Like Ciaran I'm not very familiar with GDAL's python bindings, but I've tried running a little snippet which I believe does the same thing as what was done with rasterio: it writes a JP2 to a vsimem in-memory file, and then writes the bytes to a file on disk.

from osgeo import gdal

mem, out = "/vsimem/B01.jp2", "new_B01.jp2"
gdal.Translate(mem, "B01.jp2")

# Taken from https://lists.osgeo.org/pipermail/gdal-dev/2016-August/045030.html
f = gdal.VSIFOpenL(mem, "rb")
gdal.VSIFSeekL(f, 0, 2)  # seek to end
size = gdal.VSIFTellL(f)
gdal.VSIFSeekL(f, 0, 0)  # seek to beginning
data = gdal.VSIFReadL(1, size, f)
gdal.Unlink(mem)

with open(out, "wb") as ff:
    ff.write(data)

When I look at the gdalinfo of new_B01.jp2, it has a CRS and a transform, so I am not able to reproduce the behavior we have with rasterio.

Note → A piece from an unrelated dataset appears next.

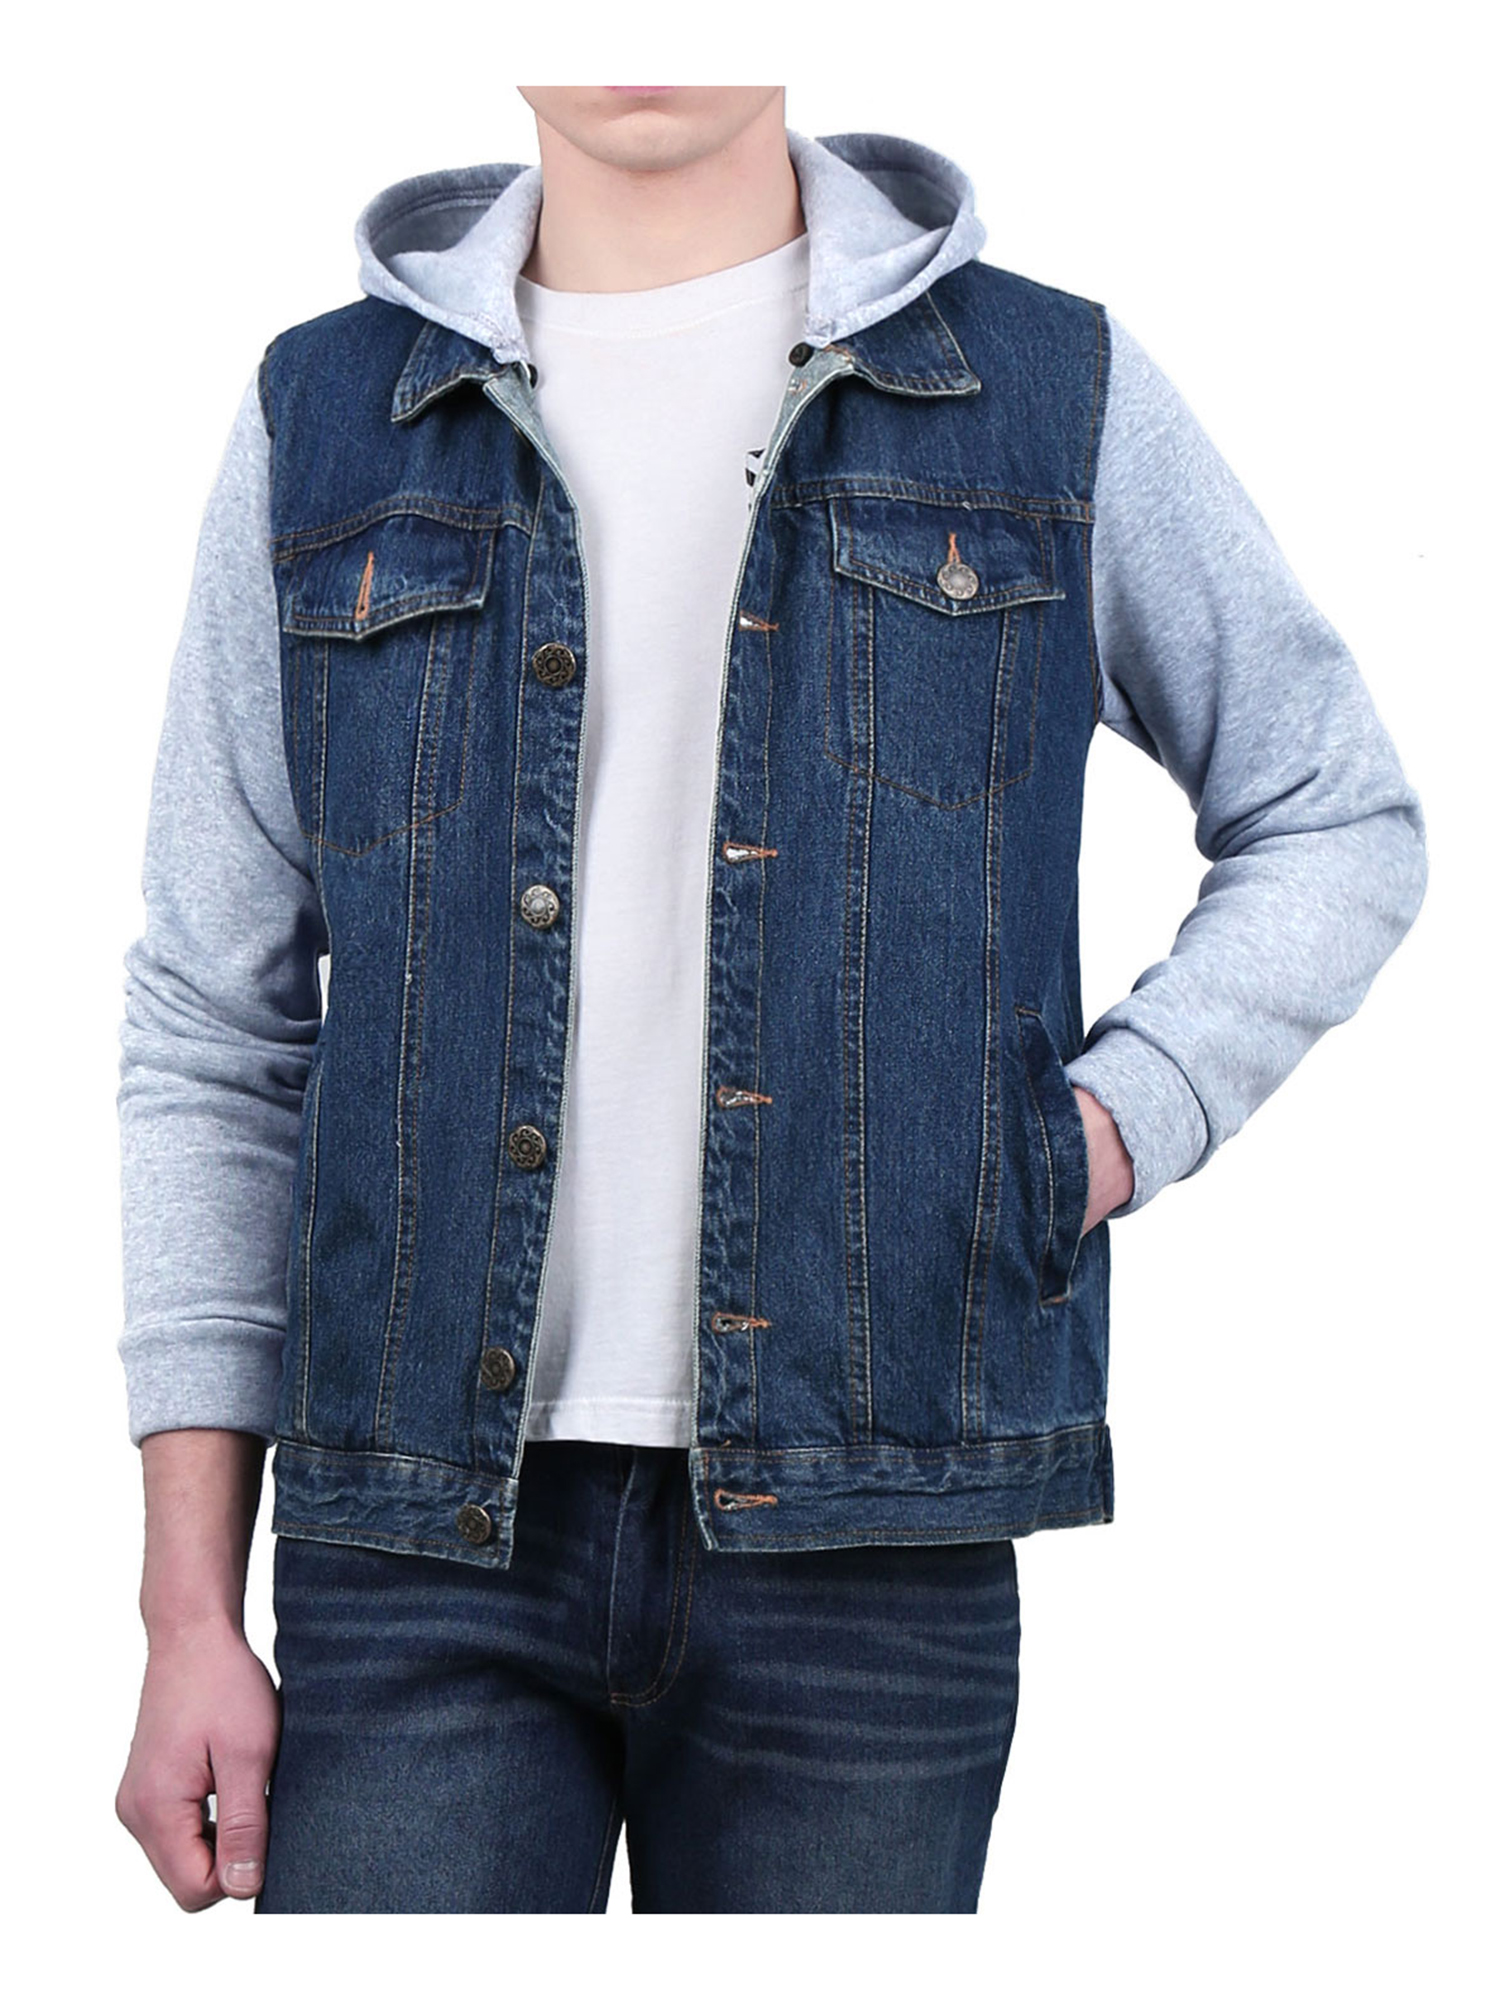 Buy Mens Hoodies Sweatshirt Jeans Patchwork Sleeves Button Down Denim Jacket  Online at Lowest Price in Ubuy Nigeria. 635629334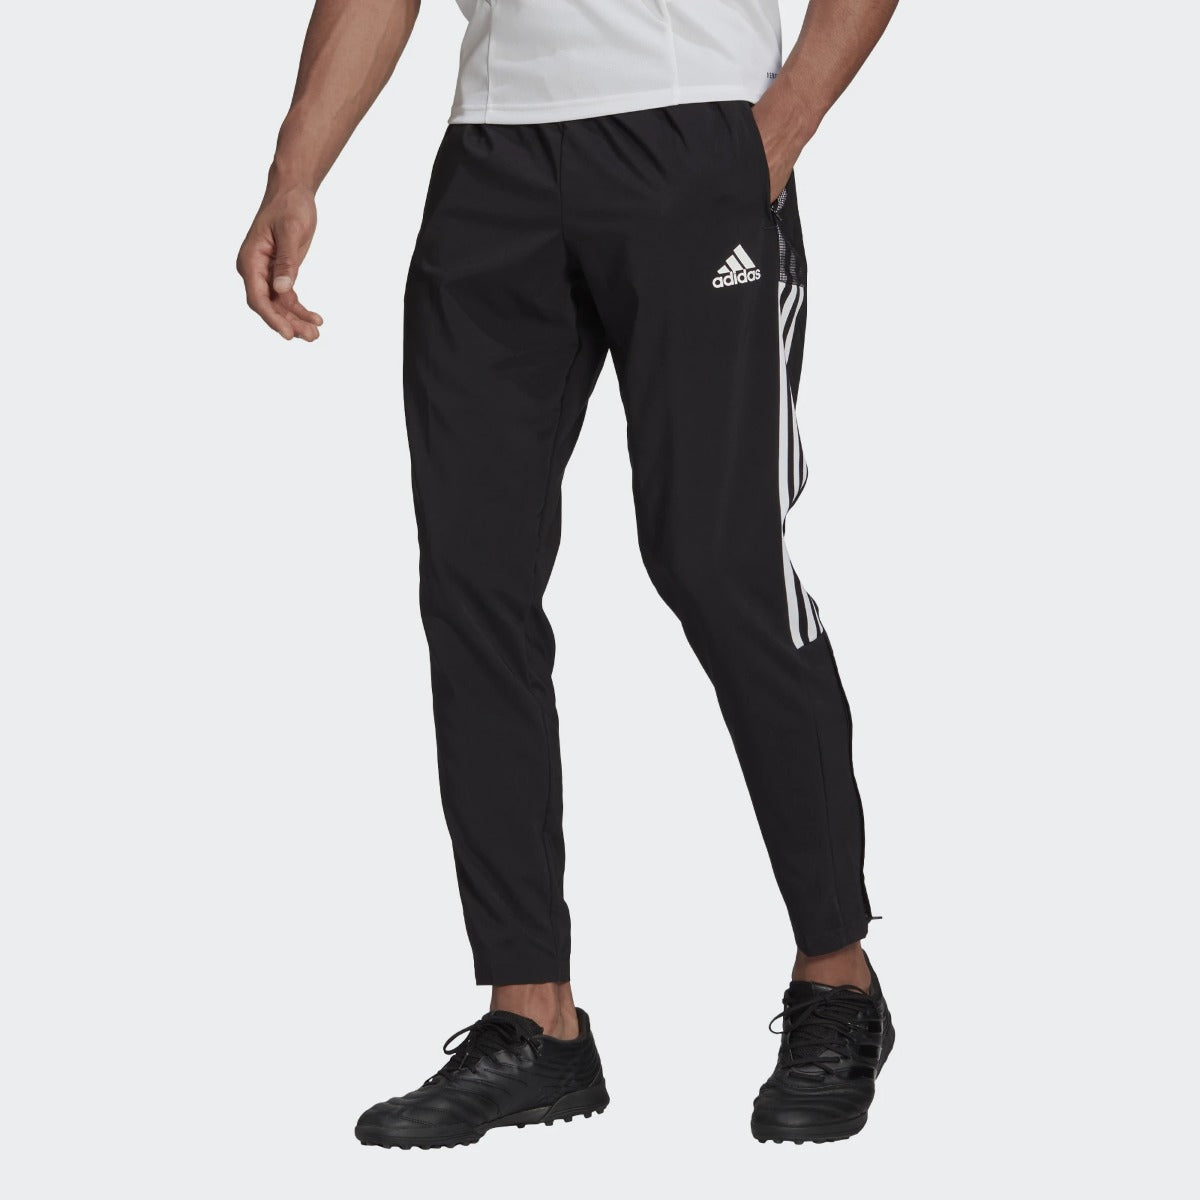 Pantalones de chándal Adidas Tiro - Negro/Blanco

(Side note: Interestingly enough, the pixel values of new_B01.jp2 have slightly changed with respect to the original B01.jp2 file, so there is some data loss somewhere in the process. But maybe that is expected of the JP2 format and could be avoided by passing extra arguments to gdal.Translate? I mainly have experience with writing GeoTIFFs, writing JP2s is new to me)

Guillaume

I've only now remembered (not being a regular jp2 user) that JPEG2000 is a create-copy format (see https://gdal.org/drivers/raster/index.html) and as such is not suited for uses cases like

    with rasterio.open("file.jp2", "w", driver="JP2OpenJPEG", ...) as dataset:
        dataset.write(data)

Rasterio tries to abstract over the differences between "create" and "create-copy" formats, but might falter in some cases. We're testing JPEG and PNG in the test suite, but not JPEG2000. If you're constructing a dataset from the bands of multiple other datasets, you should probably be using GeoTIFF as a format, it's well suited for this. And then convert to JPEG2000 before uploading to S3 using rasterio.shutil.copy, which calls on GDAL's GDALCreateCopy and is mostly equivalent to gdal_translate.

--
Sean Gillies

ciaran.evans@...
 

I think the problem is that I'm trying to do the conversion in memory, not on disk. If I've read your latest reply correctly, I'd convert to JPEG2000 on disk and then copy to S3?

Can I do the conversion via rasterio.shutil.copy in memory?